Timecaster (28 page)

Read Timecaster Online

Authors: Joe Kimball

I didn’t want to ask, but I had to. “And Vicki?”

He shook his head, slowly. “Talon, Talon, Talon. I wouldn’t send her to that awful place. She’s safe in Wisconsin, with someone watching her. Someone you’ve come to know intimately well.”

“Where is she, Sata?”

Sata smiled. “She’s with you, of course.”

FORTY-FIVE

Words don’t normally fail me. But when I processed what Sata had said, and all it implied, I was speechless.

Vicki wasn’t with me. She was with that psycho Alter-Talon.

“Yes, he’s here,” Sata said. “Dimensional travel to parallel worlds. Extraordinary, isn’t it? We’re supposed to view this primitive Tower of Babel”—Sata swept his hands at the space elevator—“as mankind’s crowning achievement. The pinnacle of technology and human ingenuity. And for what purpose? So people can play volleyball and hump each other in zero gravity? But with this”—he patted the TEV—“I can travel to places beyond mere space. I can access an infinite amount of worlds, with an infinite amount of variation. If it can be imagined, it exists. And I can see it all.”

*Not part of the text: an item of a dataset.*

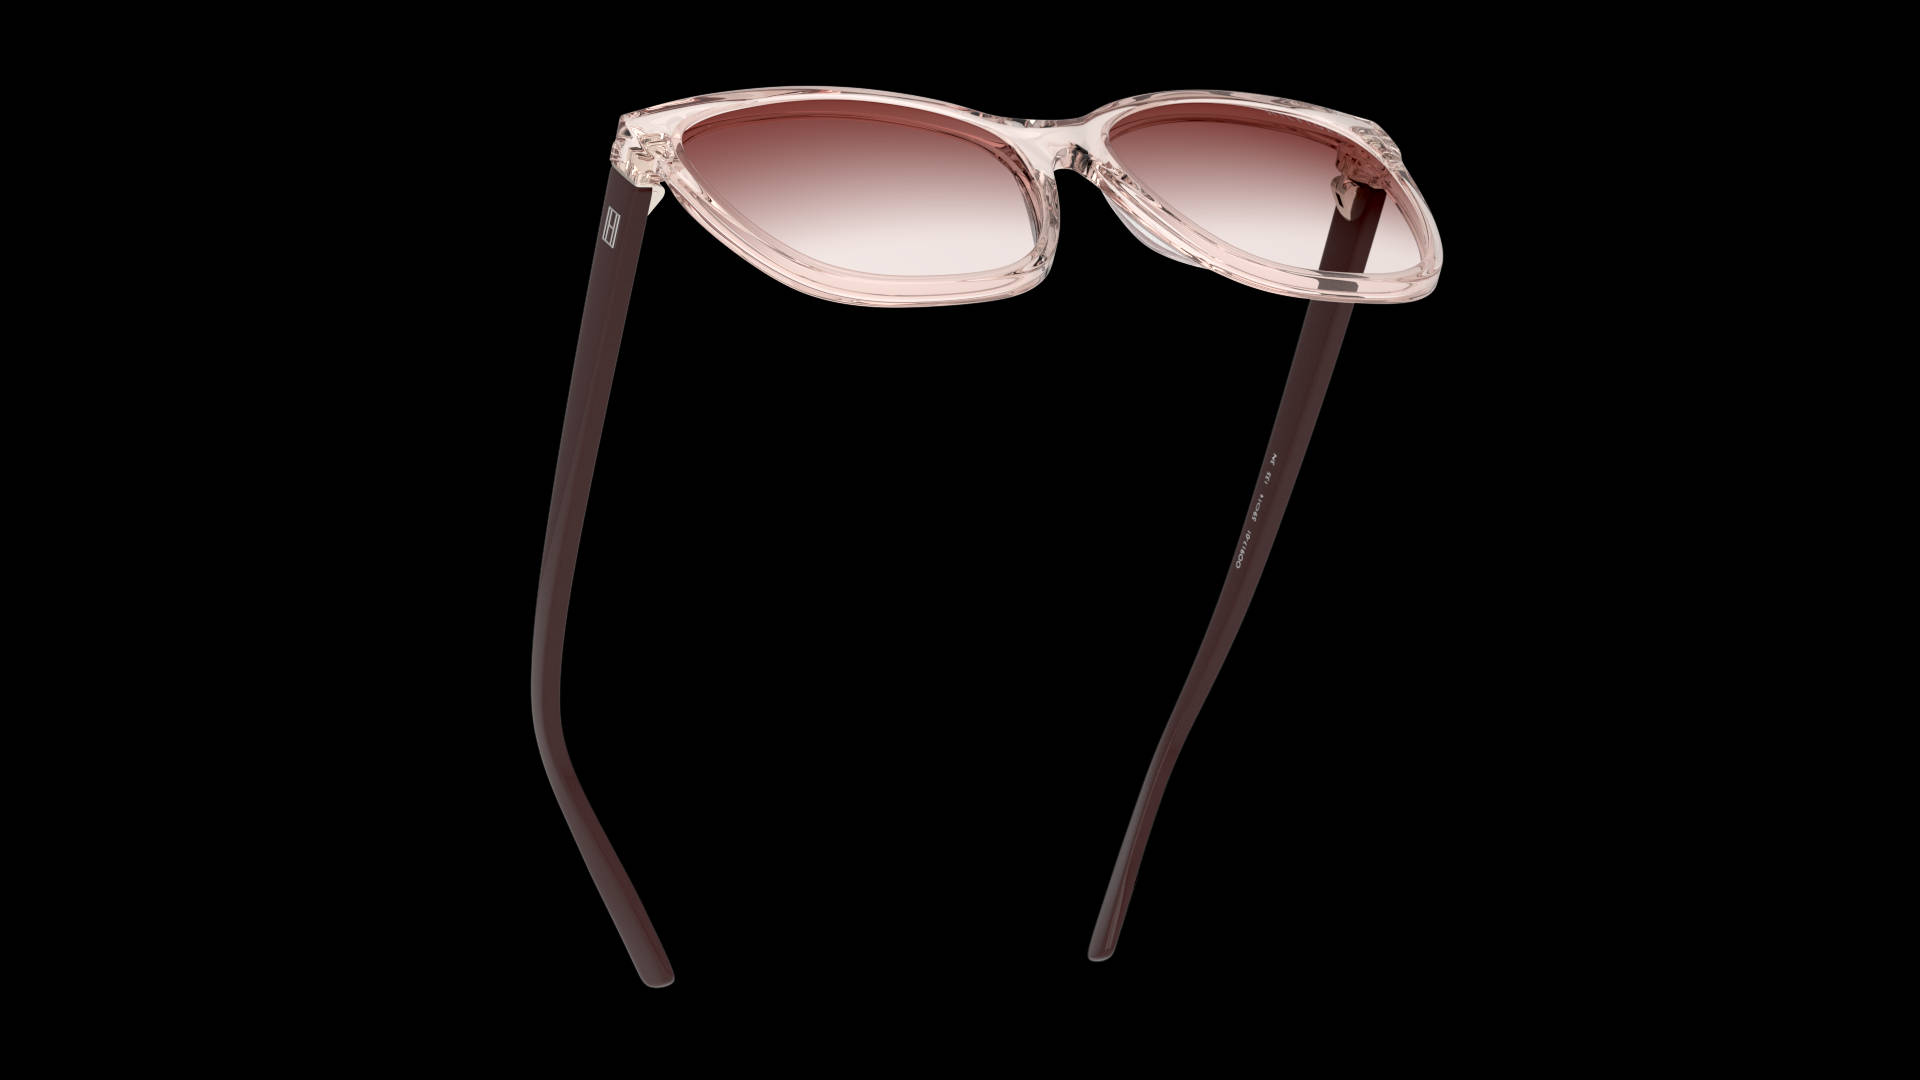 Tommy Hilfiger Pink Sunglasses Wallpaper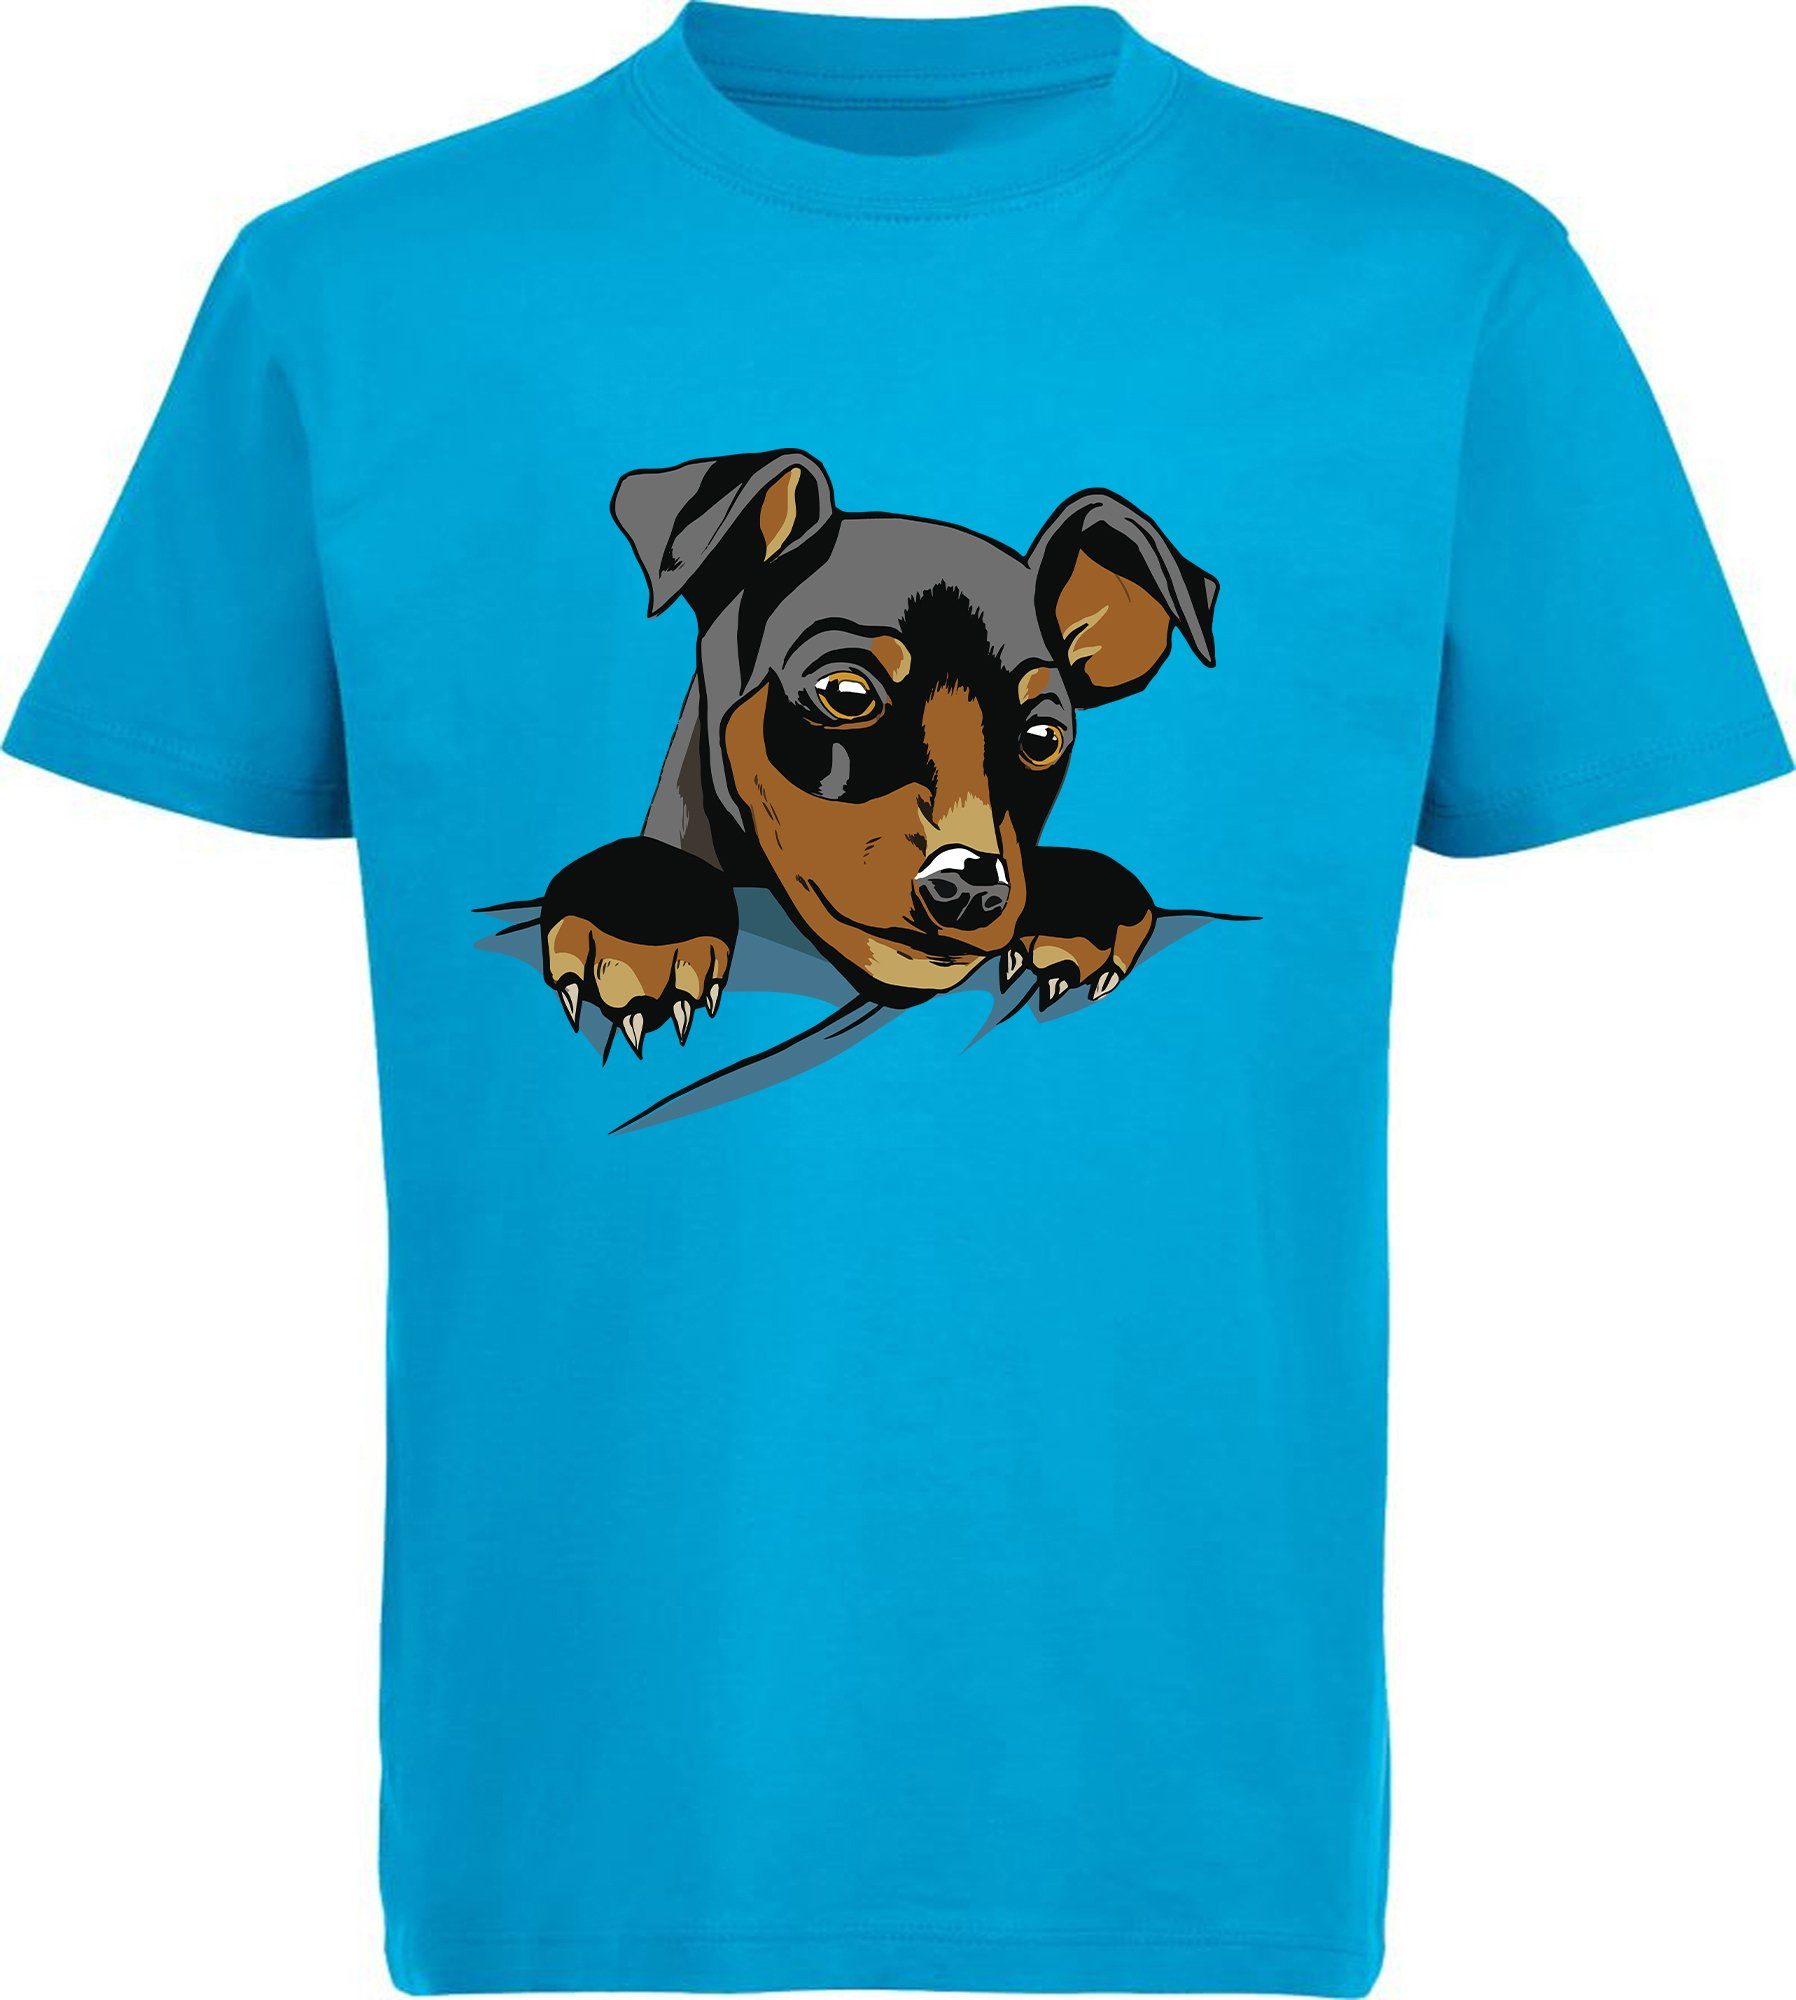 MyDesign24 Print-Shirt bedrucktes Kinder Hunde T-Shirt - Süßer Welpe Baumwollshirt mit Aufdruck, i227 aqua blau

“How . . . could you?” I managed.

Sata frowned at me. “I assume you mean
How could you send people to the man-eating dinosaur planet?
instead of the far more compelling
How could you accomplish this miracle of modern science?
I’ll answer both. If you recall timecasting class, you know one of the many unique properties of tachyons, other than their ability to travel faster than the speed of light, is they have negative mass squared. Yet even with imaginary mass, they can decay to closed strings, which, in vibrational mode, can cause instability in spacetime itself. Can you even imagine?”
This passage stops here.